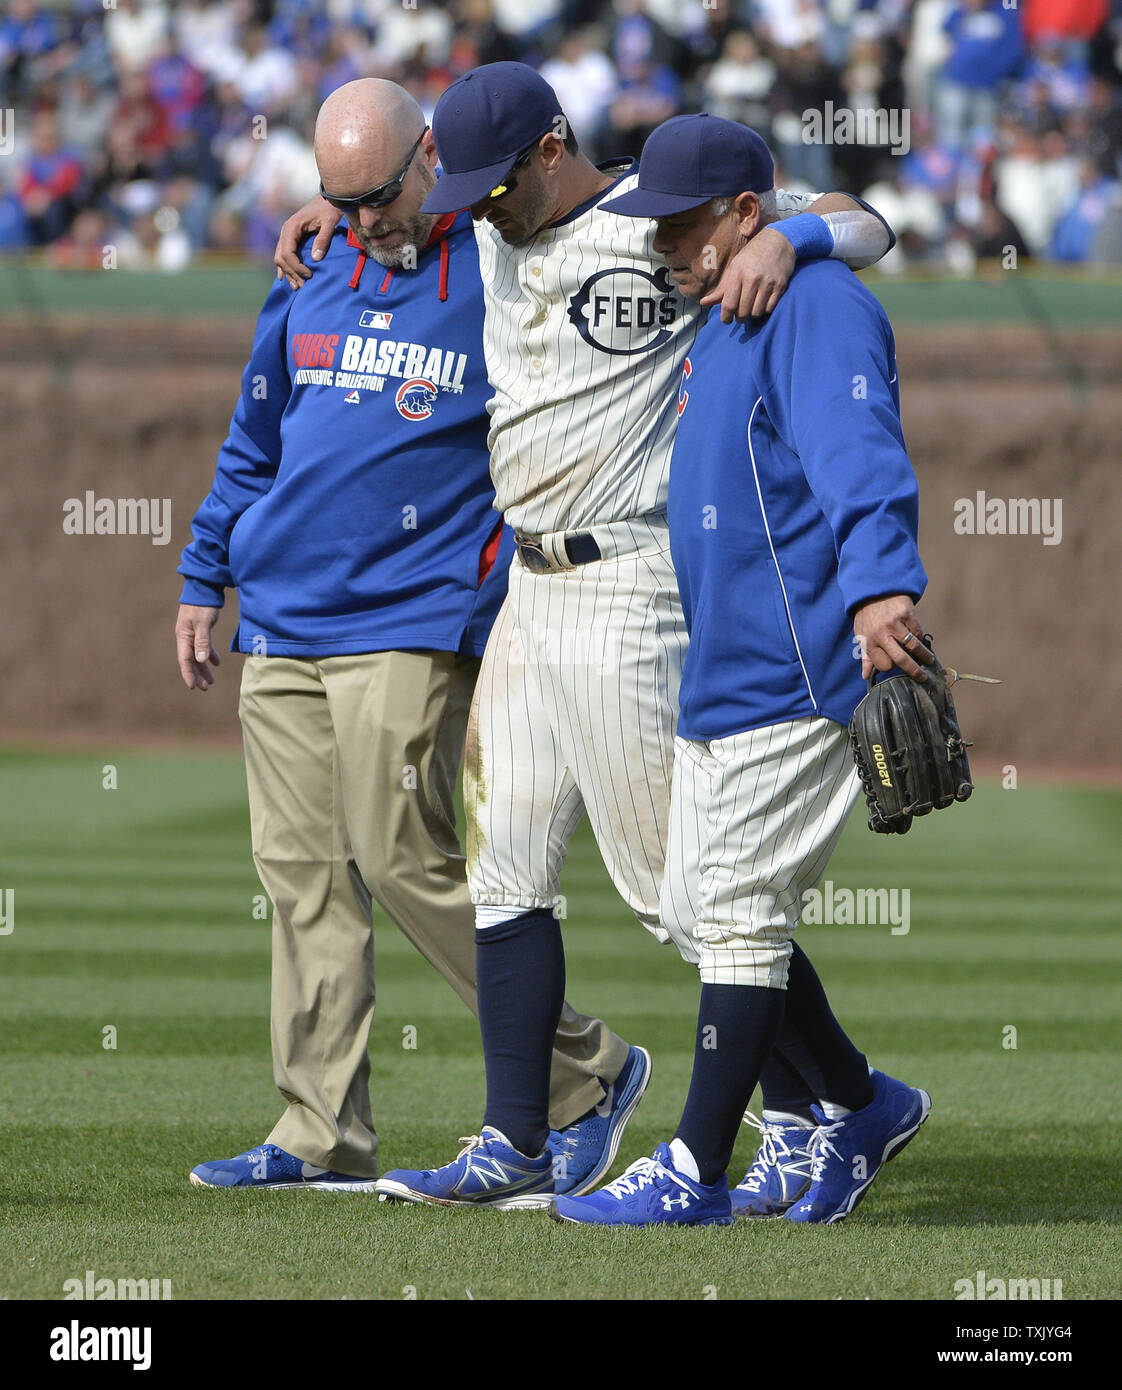 Chicago Cubs manager Rick Renteria (R) and a trainer help left fielder Justin Ruggiano off the field after he injured himself while trying to make a catch during the ninth inning of the Wrigley Field 100th anniversary game against the Arizona Diamondbacks at Wrigley Field on April 23, 2014 in Chicago. The Cubs wore the uniforms of the Chicago Federals, the original team to play in Wrigley Field, while the Diamondbacks donned the uniforms of the Kansas City Packers of the Federal League, a third professional baseball league that competed with the American and National Leagues and folded in 1915 Stock Photo
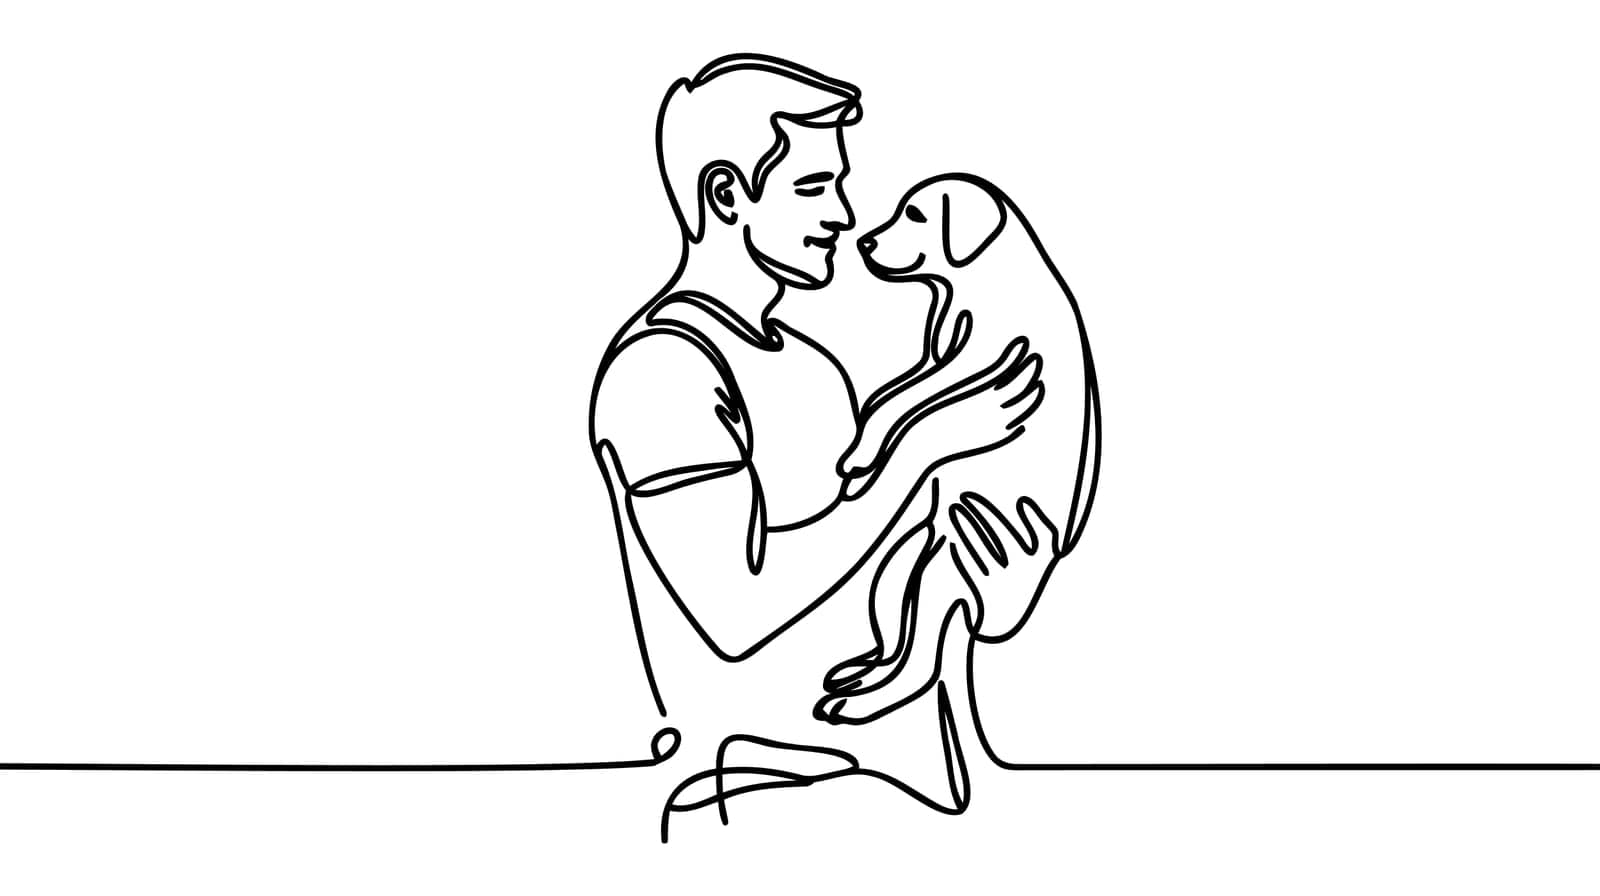 Man holds a dog in his hands or walks with him - one line art vector. concept dog owner, dog grooming by Artisttop
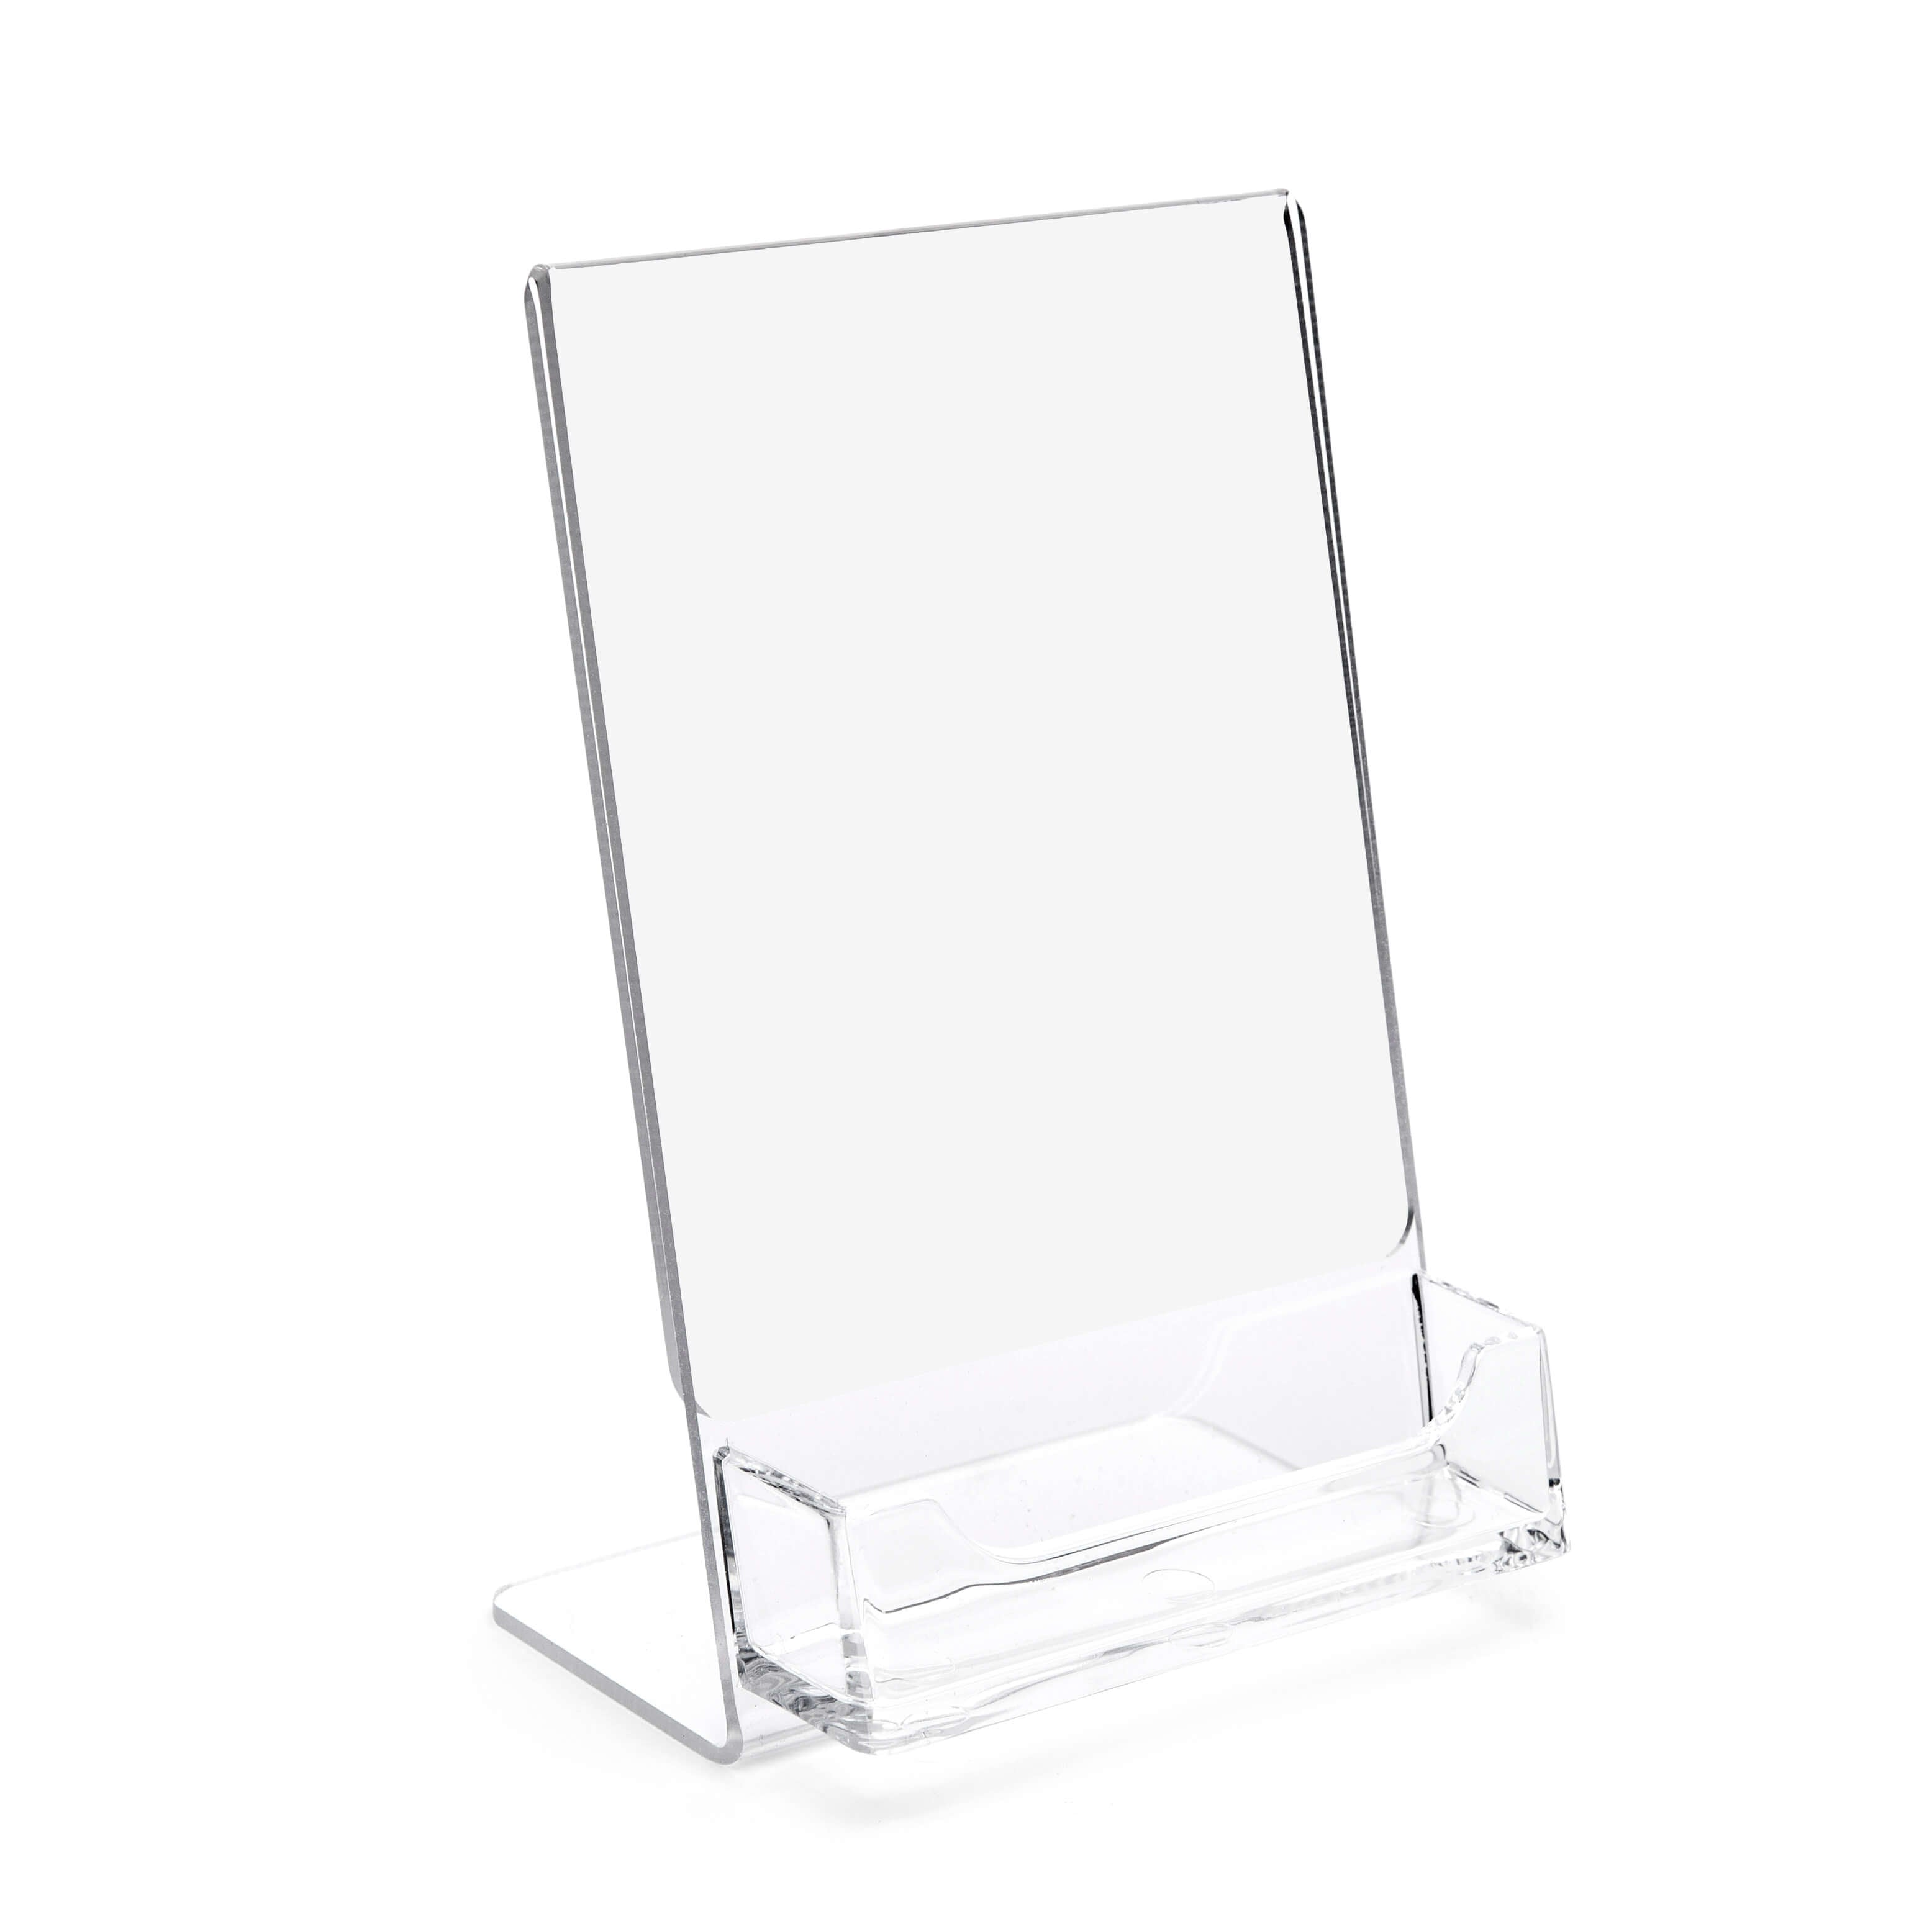 Shop Acrylic Sign Holders with Card Pockets Plastic Products Mfg –  Plastic Products mfg
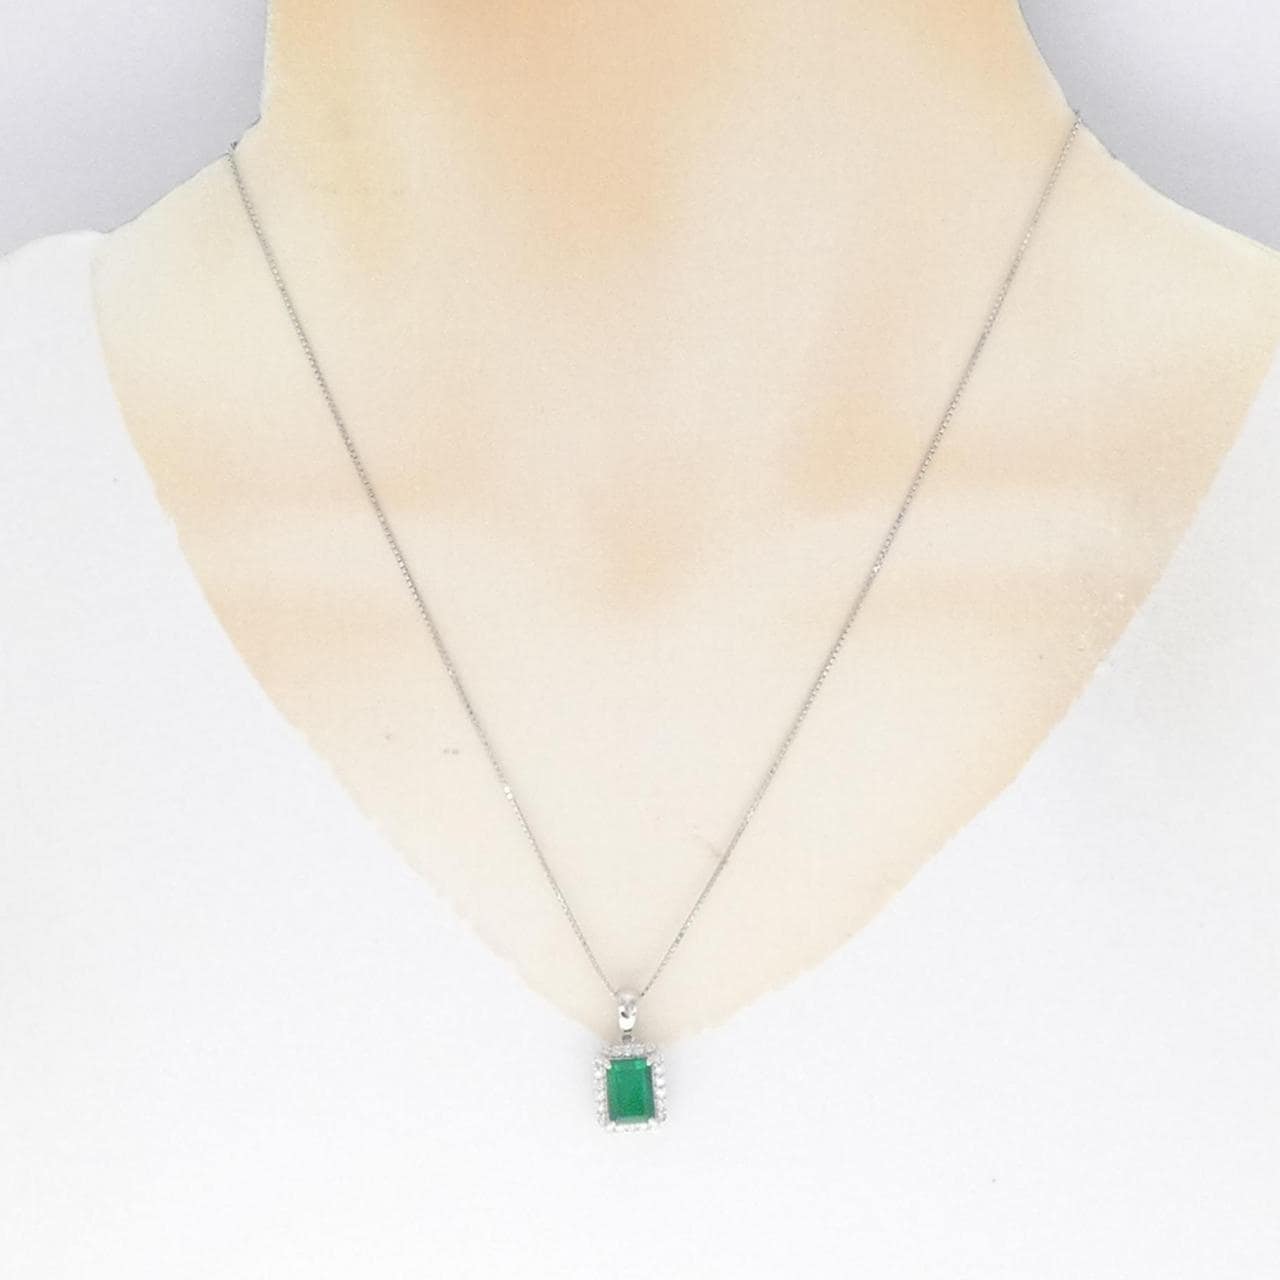 [Remake] PT Emerald Necklace 2.22CT Made in Colombia

# # # #

Goal of the exercise:
Hand back the data above exactly, with no images.

Exercise output:
 Chicago Cubs manager Rick Renteria (R) and a trainer help left fielder Justin Ruggiano off the field after he injured himself while trying to make a catch during the ninth inning of the Wrigley Field 100th anniversary game against the Arizona Diamondbacks at Wrigley Field on April 23, 2014 in Chicago. The Cubs wore the uniforms of the Chicago Federals, the original team to play in Wrigley Field, while the Diamondbacks donned the uniforms of the Kansas City Packers of the Federal League, a third professional baseball league that competed with the American and National Leagues and folded in 1915 Stock Photo
 Man holds a dog in his hands or walks with him - one line art vector. concept dog owner, dog grooming by Artisttop
 Shop Acrylic Sign Holders with Card Pockets Plastic Products Mfg –  Plastic Products mfg
 [Remake] PT Emerald Necklace 2.22CT Made in Colombia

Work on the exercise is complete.